▶ _Directions_:
Starting with the line in which "Merit Electric worker" appears, give back every line exactly as written until the listing ends, excluding pictures.

▶ _Data extract_:
___

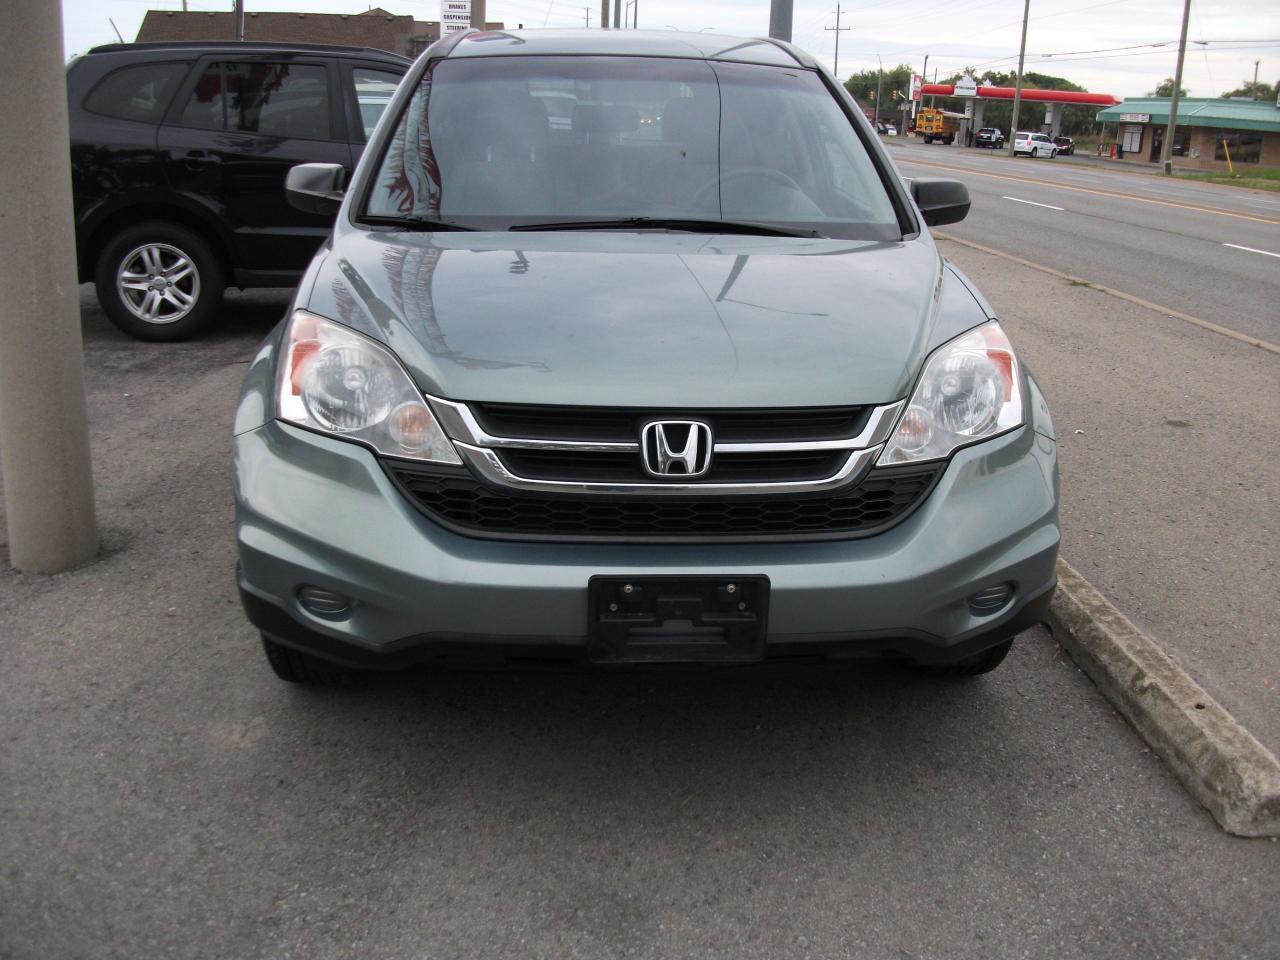 Photo of Green 2010 Honda CR-V
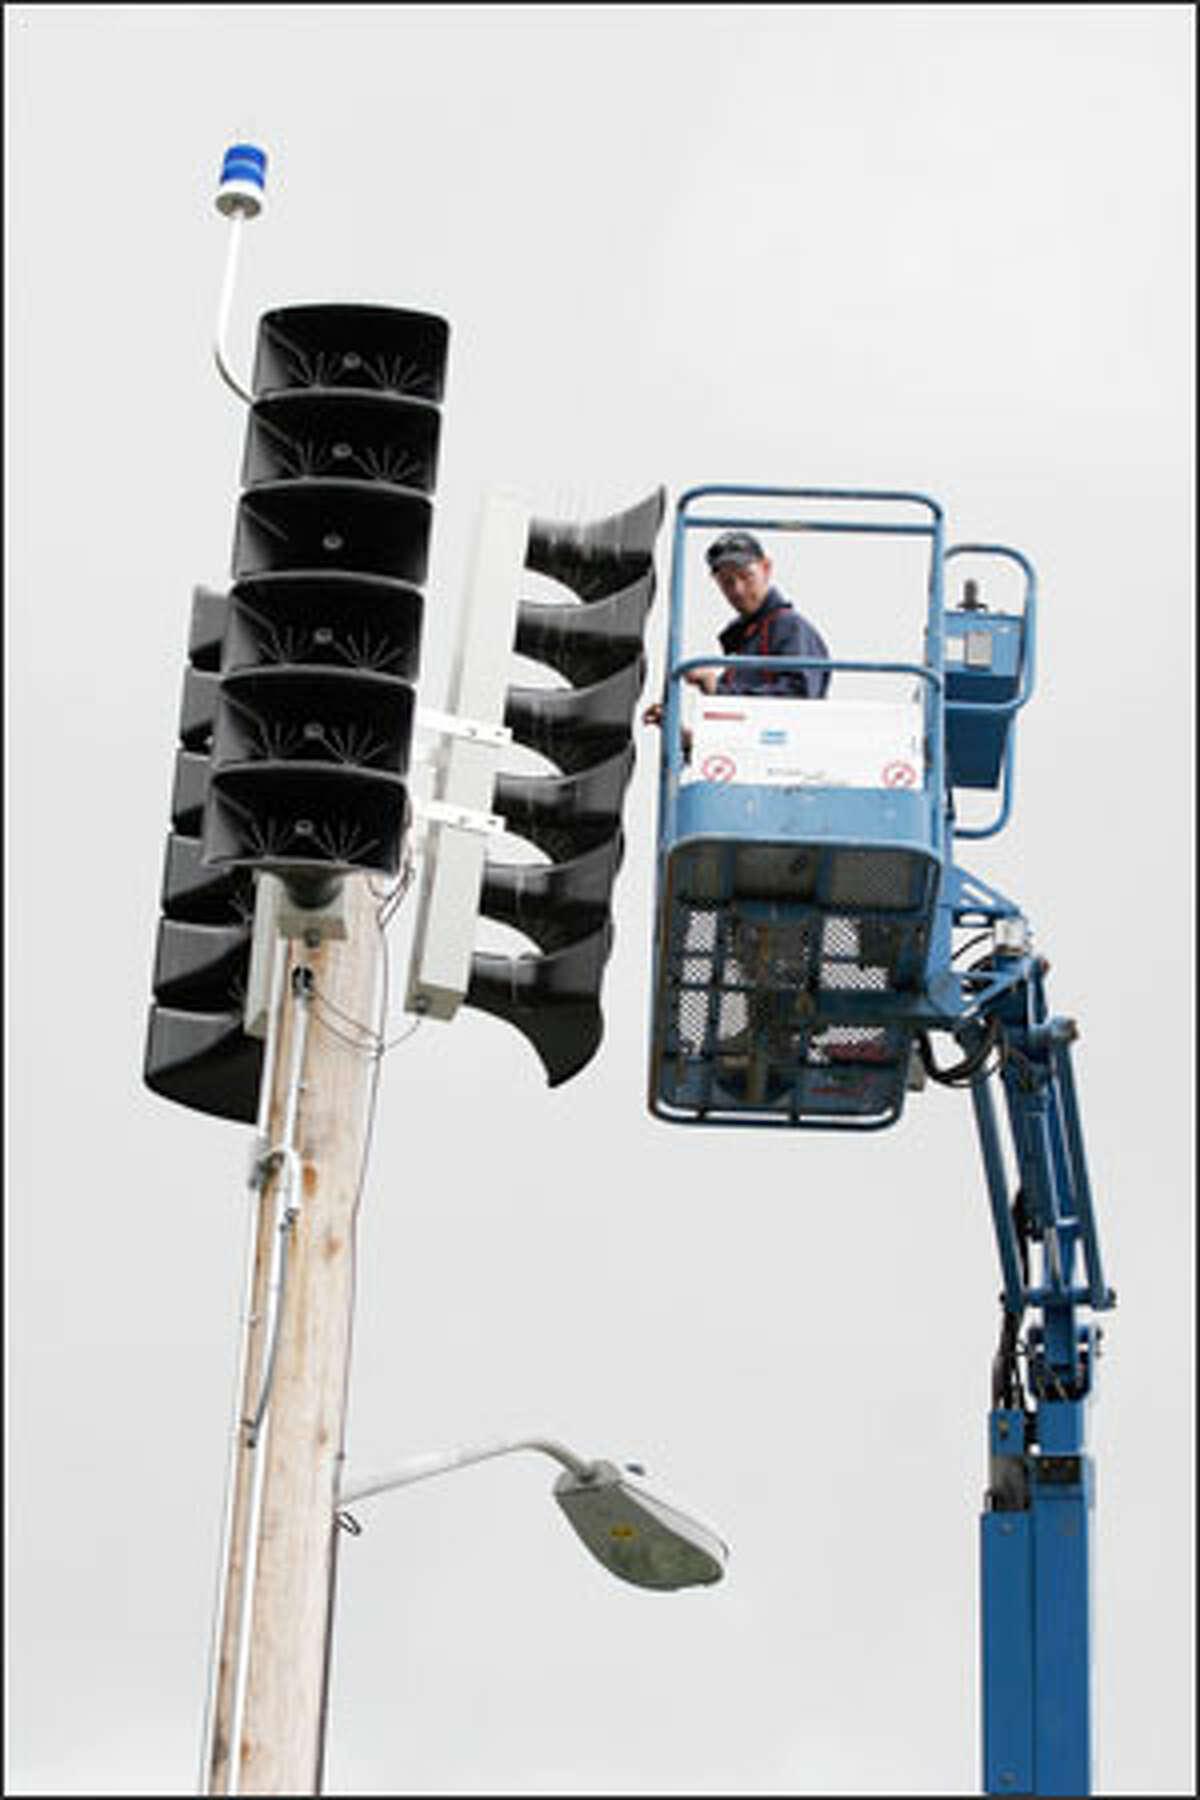 Merit Electric worker Brett Lineback of Spokane installs bird spikes on the new hazardous- warning speakers on Western Avenue yesterday.
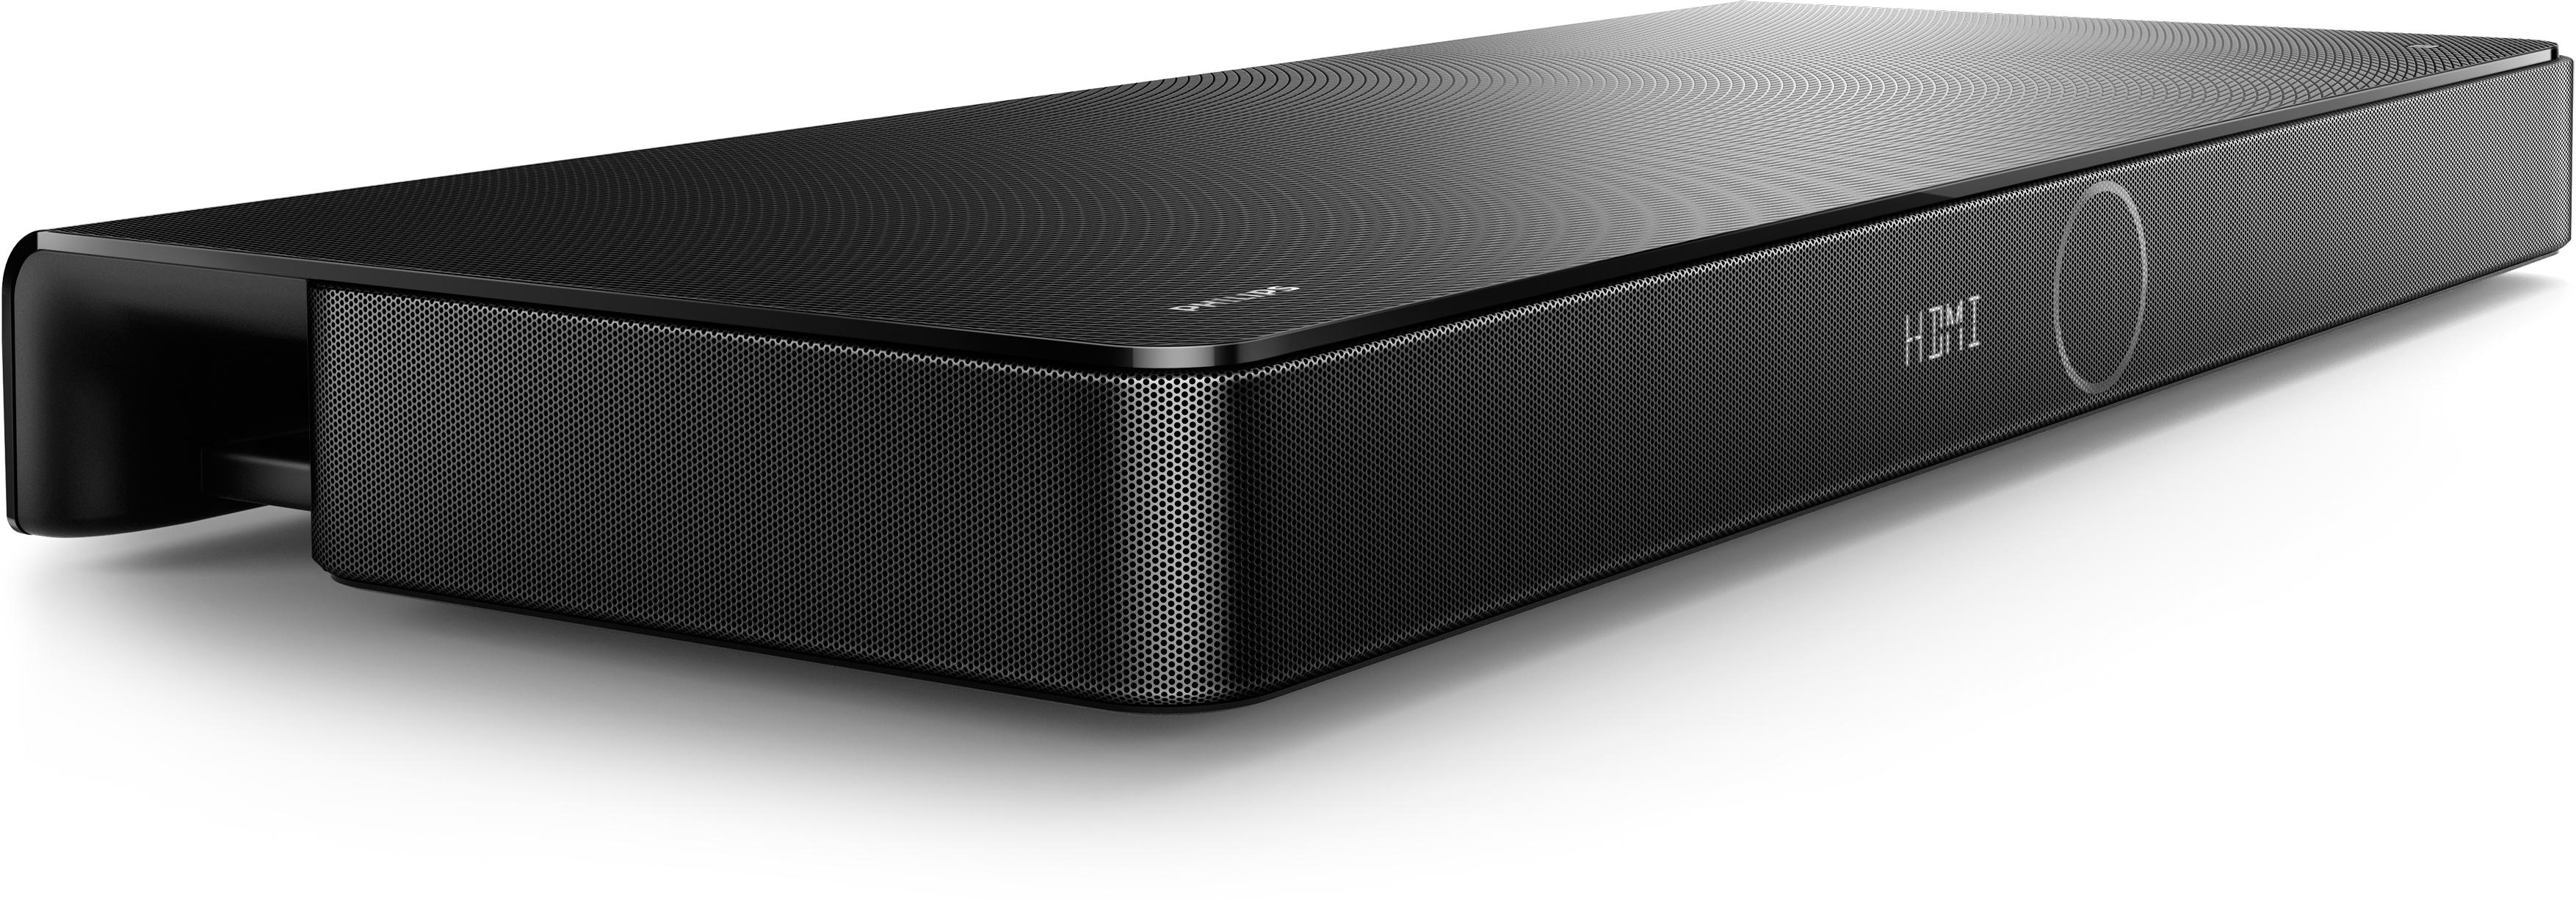 Philips_SoundStage_speaker_HTL5130B_image2)KI

___

▶ _Result below_:
 Merit Electric worker Brett Lineback of Spokane installs bird spikes on the new hazardous- warning speakers on Western Avenue yesterday.
 Philips_SoundStage_speaker_HTL5130B_image2)KI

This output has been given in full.